LoneCowboy;595952 said:


> That's interesting, but I don't know
> I got it explained that you couldn't run air brakes truck without the endorsement (which I agree I don't believe you can get without a CDL).
> 
> Remember though, ask 3 DOT guys/cops the same question, you'll get 3 different answers.
> ...


Yup, they haven't lasted as long with 4 wheel drums, yep, more expensive. Plus they have some asinine warning light that will work for about 2 weeks (not activate) then it goes on everything you pull the parking brake, sometimes going down the road. I finally gave up on replacing it as it doesn't mean the brakes are not working and it just keeps happening.


----------



## QuadPlower (Jan 4, 2007)

I got pulled over last week for some trailer issues. I run a Nissian UD-2000, 19,500 GVW with a MI state 24,000 pound plate with Air brakes and a DOT number. I showed the cop my medical card. He gave it back. I don't have a CDL. He didn't say anthing about the air brakes and not having a CDL. Mark Oomkes, its good to hear you say that I don't need one and with the cop not making a deal about it, I'm not going to worry about it.

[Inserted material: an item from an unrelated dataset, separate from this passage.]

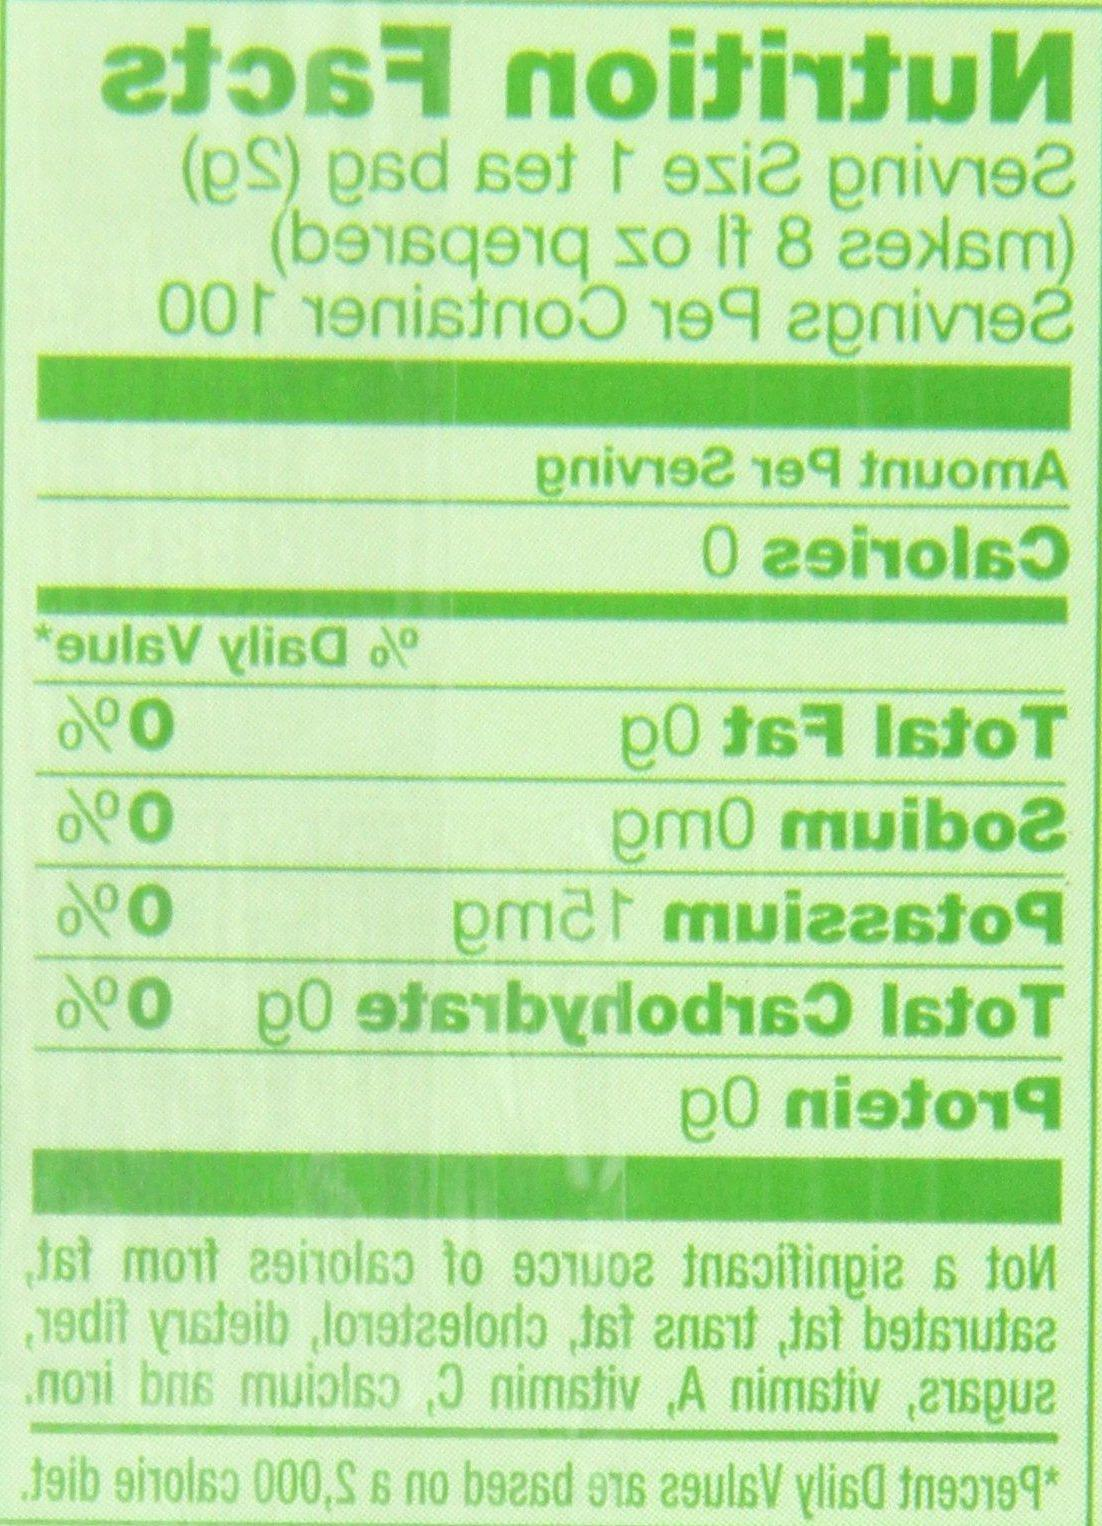 Lipton Percent ct

Air Brakes rule. How many of you drive your normal pick-up truck and when you come to a stop, make the psst, psst noise when you hit the brakes? I don't have to because my truck makes it.

Very touchy. With out a load, the rears will lock up easy on mine anyway. 

As far as running out of air. If you are trying to hook up your trailer and if it takes several trys to do it, the air can run low. Or if you are trying to back up and hit the brakes a bunch, it can run low. But if it does, all you have to do is wait a minute.


----------



## elite1msmith (Sep 10, 2007)

QuadPlower;596961 said:


> Very touchy. With out a load, the rears will lock up easy on mine anyway.
> 
> As far as running out of air. If you are trying to hook up your trailer and if it takes several trys to do it, the air can run low. Or if you are trying to back up and hit the brakes a bunch, it can run low. But if it does, all you have to do is wait a minute.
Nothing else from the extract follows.